» Material provided:
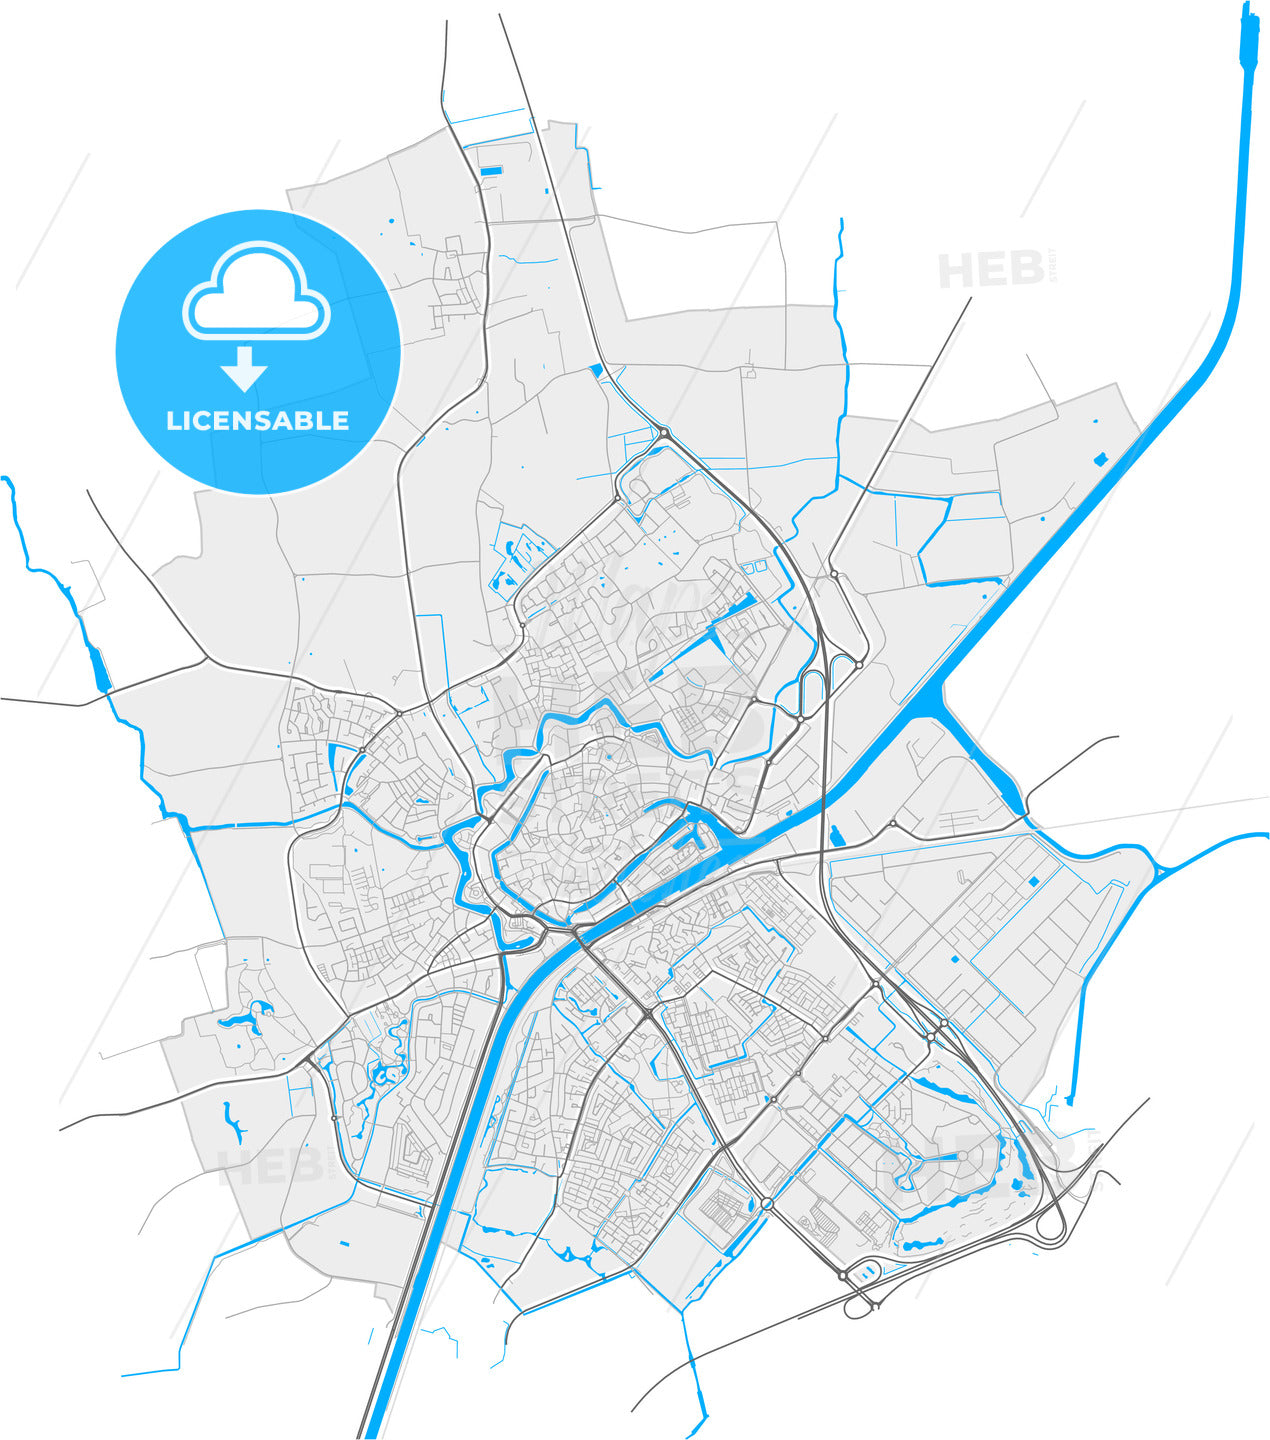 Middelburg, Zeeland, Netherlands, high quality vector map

==

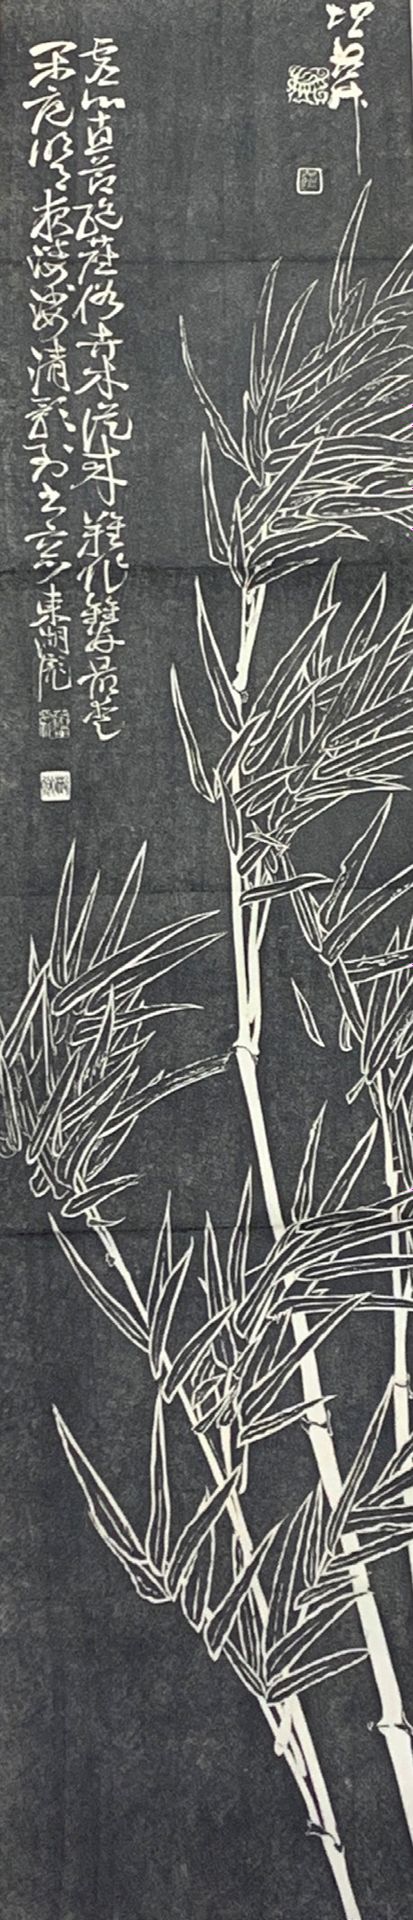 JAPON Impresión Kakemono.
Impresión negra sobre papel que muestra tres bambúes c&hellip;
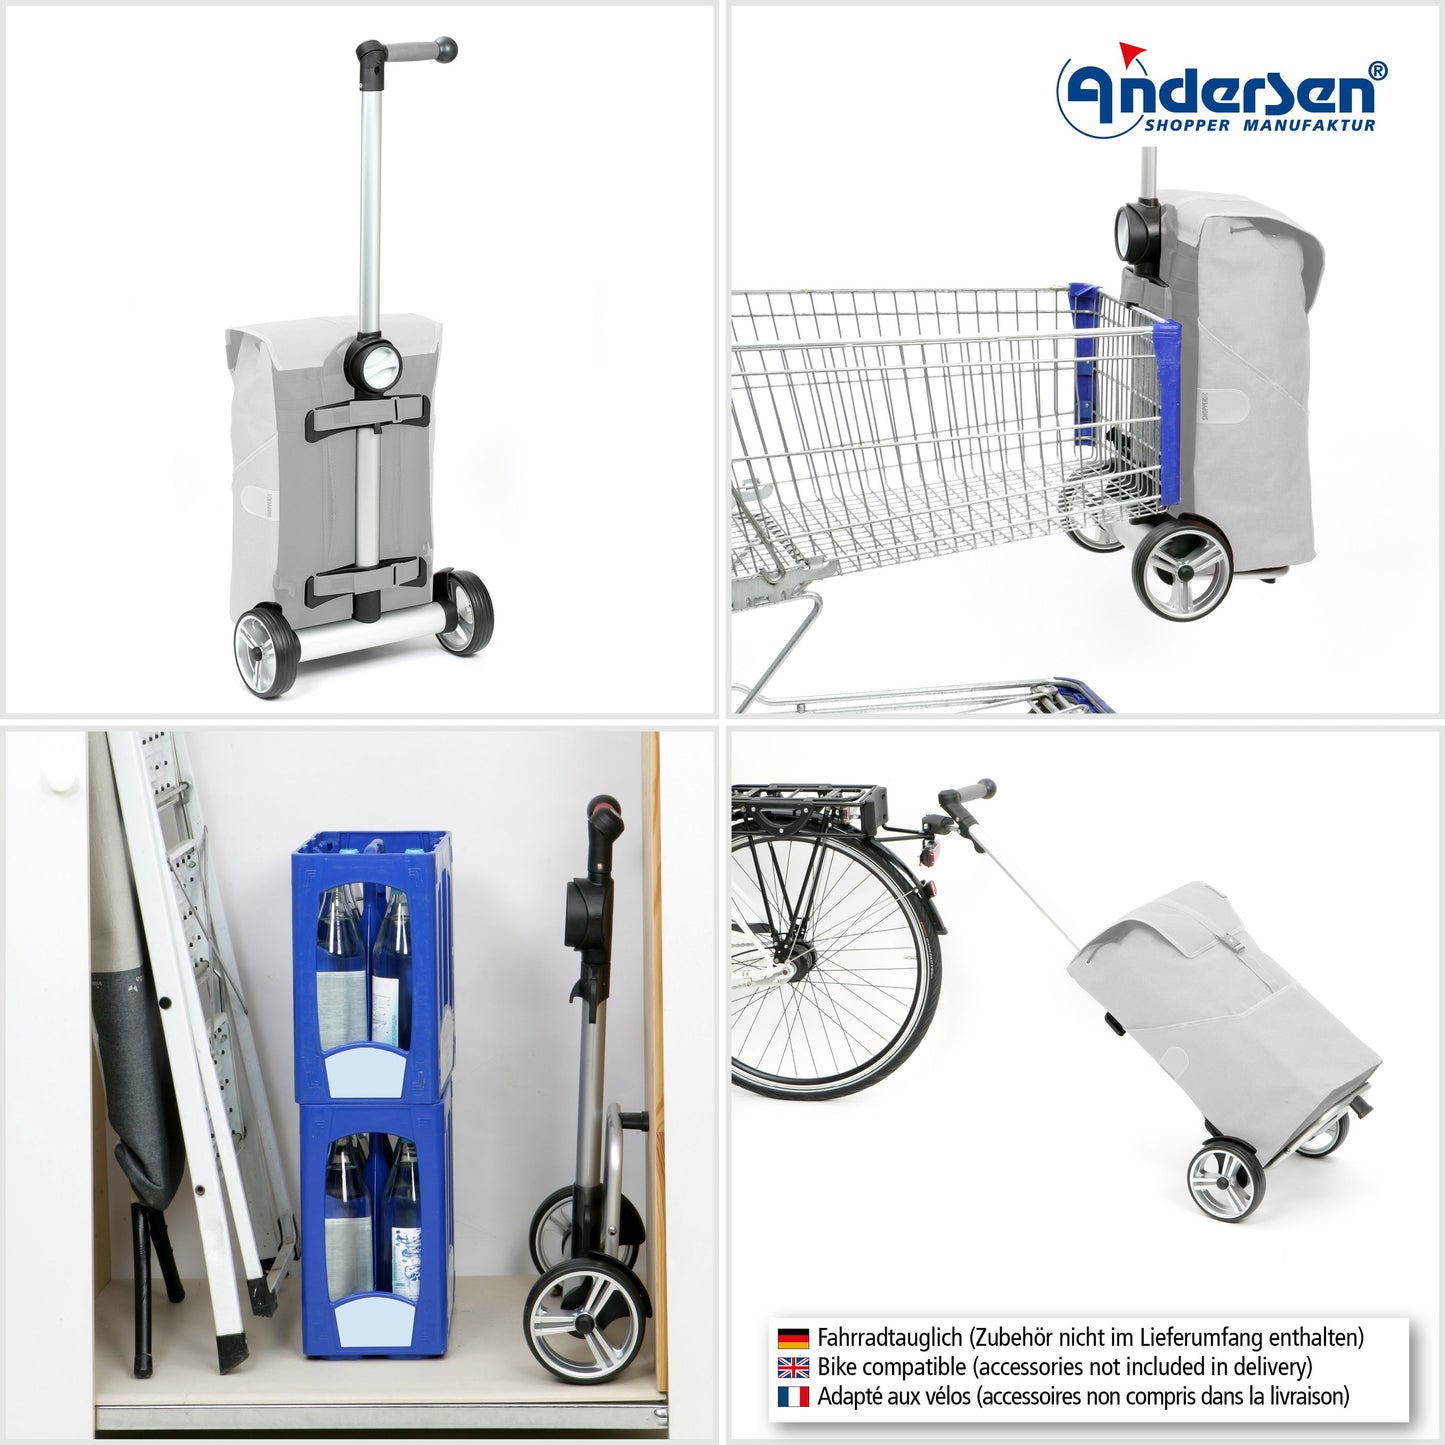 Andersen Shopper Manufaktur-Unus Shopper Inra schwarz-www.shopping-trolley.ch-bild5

==

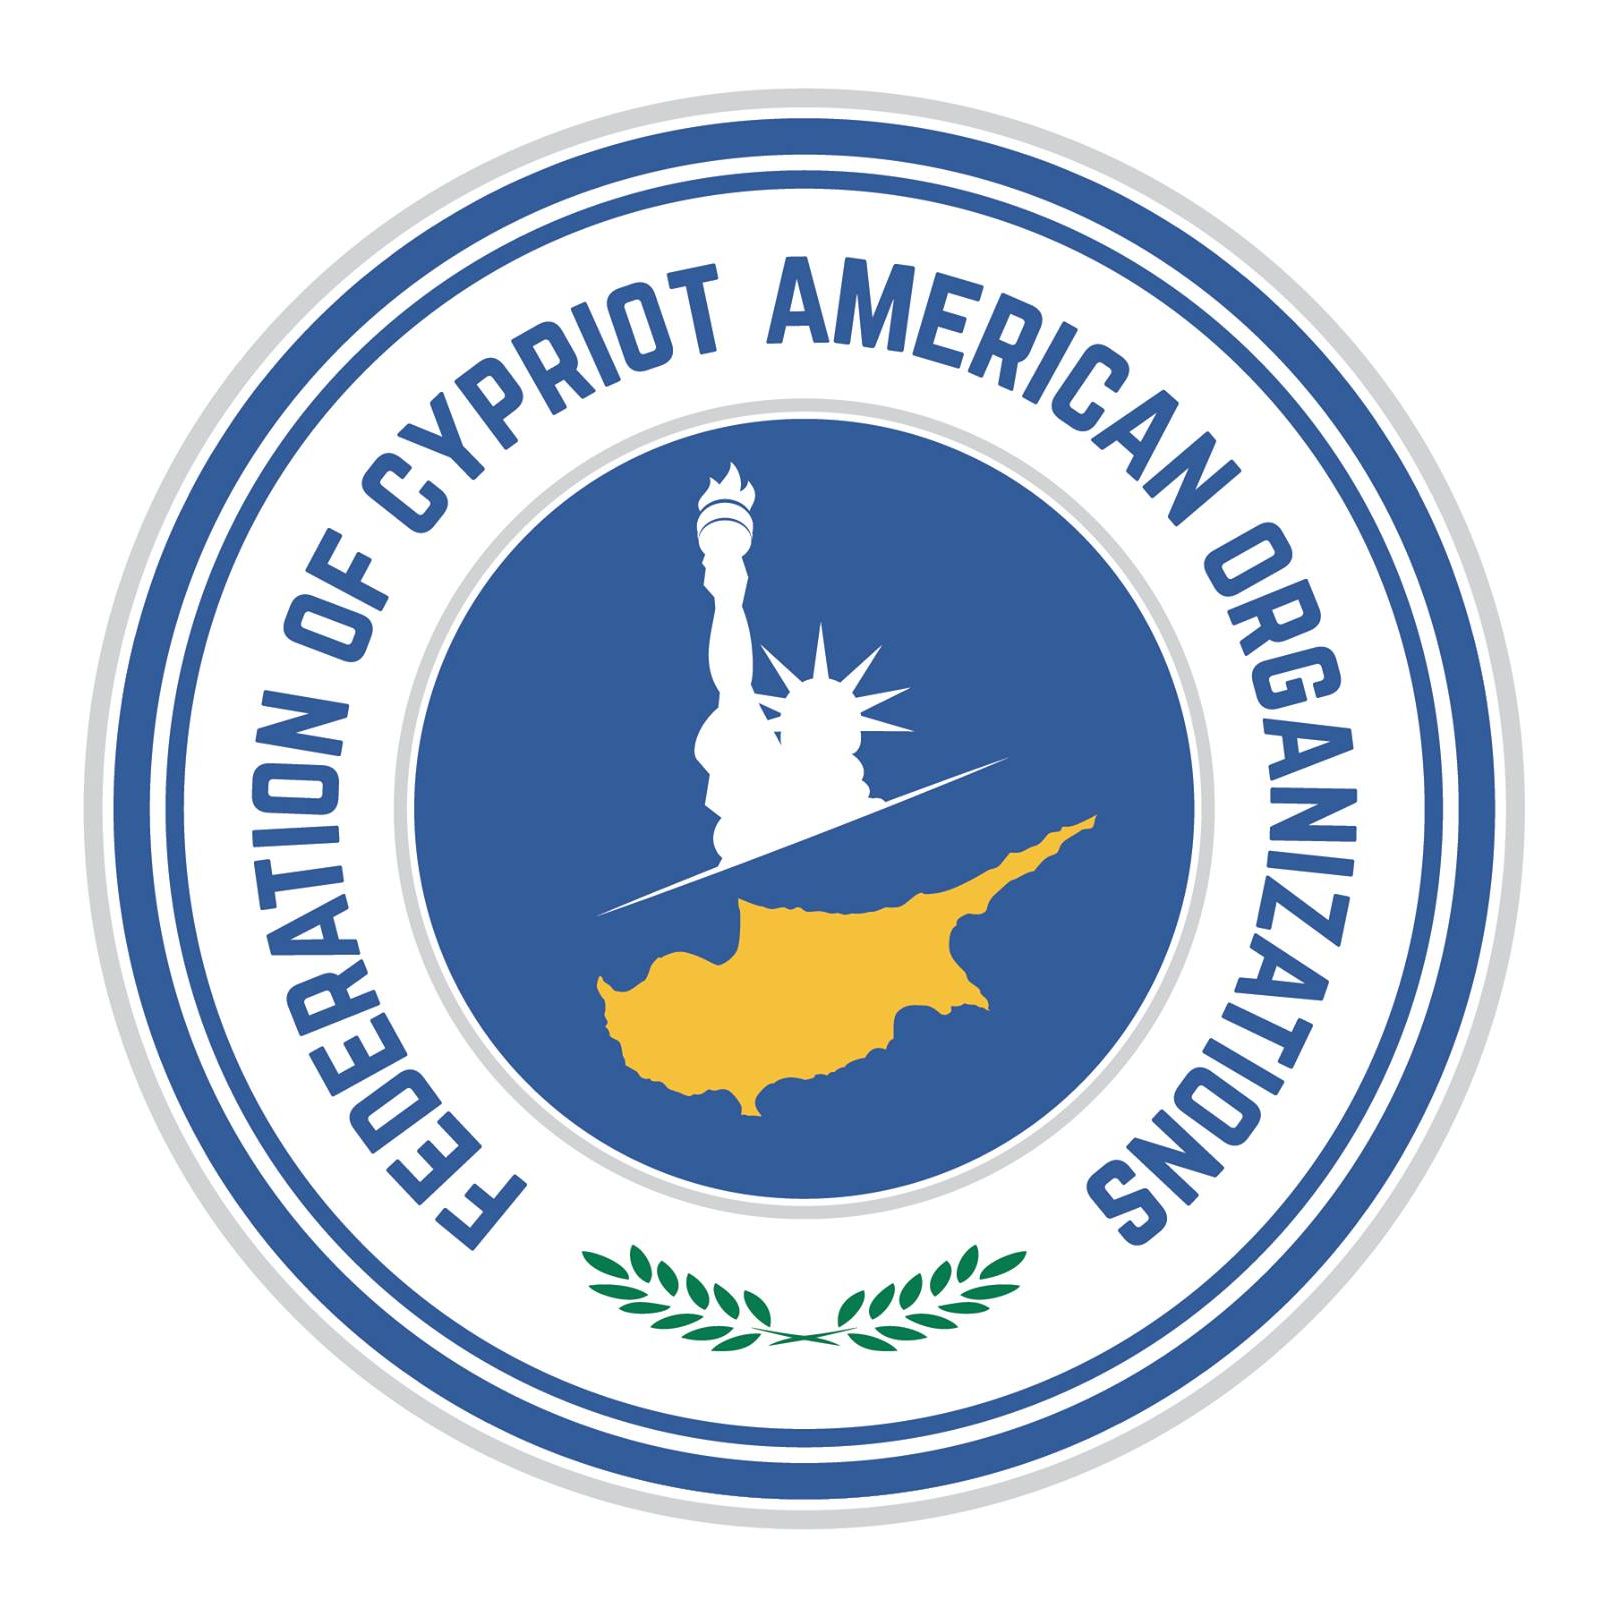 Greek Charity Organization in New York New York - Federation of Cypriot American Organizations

» Task item: Set down word for word the lines above from the one with "JAPON Impresión Kakemono." up to and including the one with "Andersen Shopper Manufaktur-Unus". Omit every picture.

» Output of the exercise:
 JAPON Impresión Kakemono.
Impresión negra sobre papel que muestra tres bambúes c&hellip;
 Andersen Shopper Manufaktur-Unus Shopper Inra schwarz-www.shopping-trolley.ch-bild5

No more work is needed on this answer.